Dr. Bernd Althusmann, Minister for Education at the northwestern state of Lower Saxony, announced that schools in the state will start including Islamic education in their main curriculum, the London-based Asharq al-Awsat reported Thursday.
“I think we will be able to start implementation by the academic year after the next ,” Althusmann said during a visit to an elementary school in the city of Hanover and in which he attended an Islamic education class.
For the time being, Islamic education has not exceeded a few experimental models in 42 schools in Lower Saxony. Almost 2,000 Muslim students in these schools currently get Islamic education in the state.

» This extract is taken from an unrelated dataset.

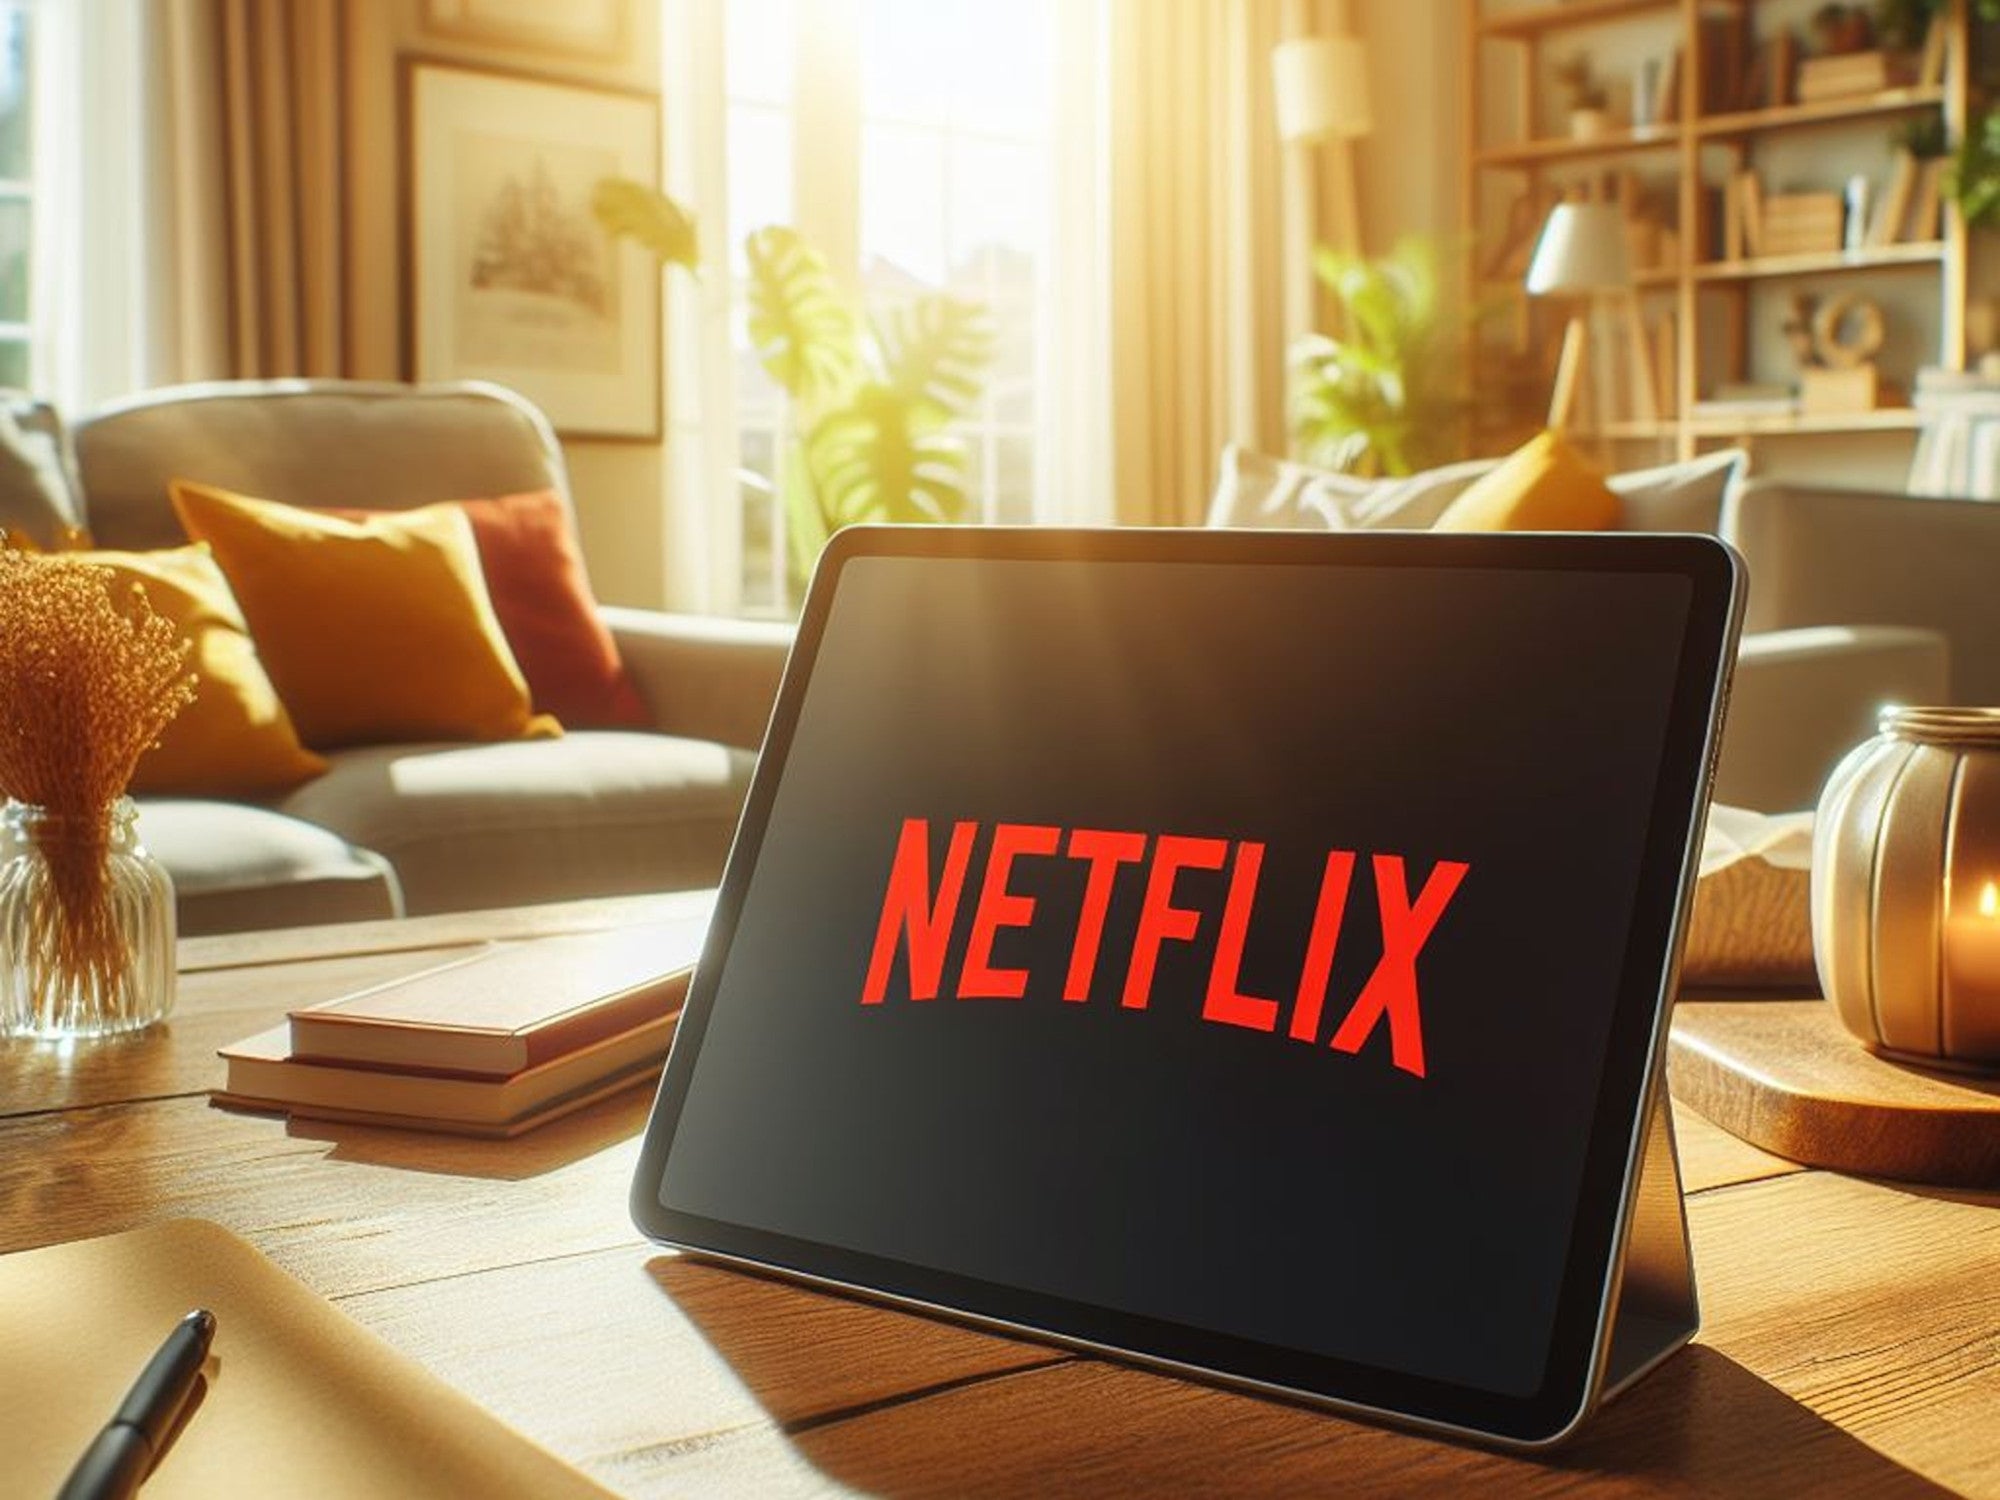 #Netflix überrascht mit gewaltigen Neuheiten im März

The initiative was triggered by recent waves of anti-Islam sentiments, especially with the recent establishment of a conservative party modeled after the Dutch Part for Freedom led by controversial MP Geert Wilders whose movie Fitna outraged Muslims all over the world.
The new party, called Freedom, was founded by Berlin MP René Stadtkewitz who was kicked out of Angela Merkel’s Christian Democratic Union for his views against Islam and for inviting Geert Wilders to give a speech in Berlin.
Stadtkewitz, 45, said that Islam is the reason why immigrants fail to integrate into the German society because of its rejection of different views.
“Islam is not just a religion, it’s also a political system. Islam is intolerant towards those who think differently,” he said in statement following the foundation of the party.
Culture of fear
Anti-immigration parties are not new to Europe. France’s National Front Party under the leadership of Jean-Marie Le Pen and Italy’s North League.
According to Dominique Moisi, founder and senior advisor at the Paris-based French Institute for International Relations, this anti-Islamic trend is not new to Europe , but has only been gaining more momentum in recent years.
For Moisi, it is the culture of fear that determines the way the West perceives Muslims.
“One encounters, in varying degrees, a fear of the other, a fear of the future, and a fundamental anxiety about the loss of identity in an increasingly complex world,” he wrote in his article entitled “The Clash of Emotions.”
This fear, experts argue, has increased since the onset of the global financial crisis. European politicians, they add, take advantage of the situation and capitalize on this fear in order to incite hatred against Muslims.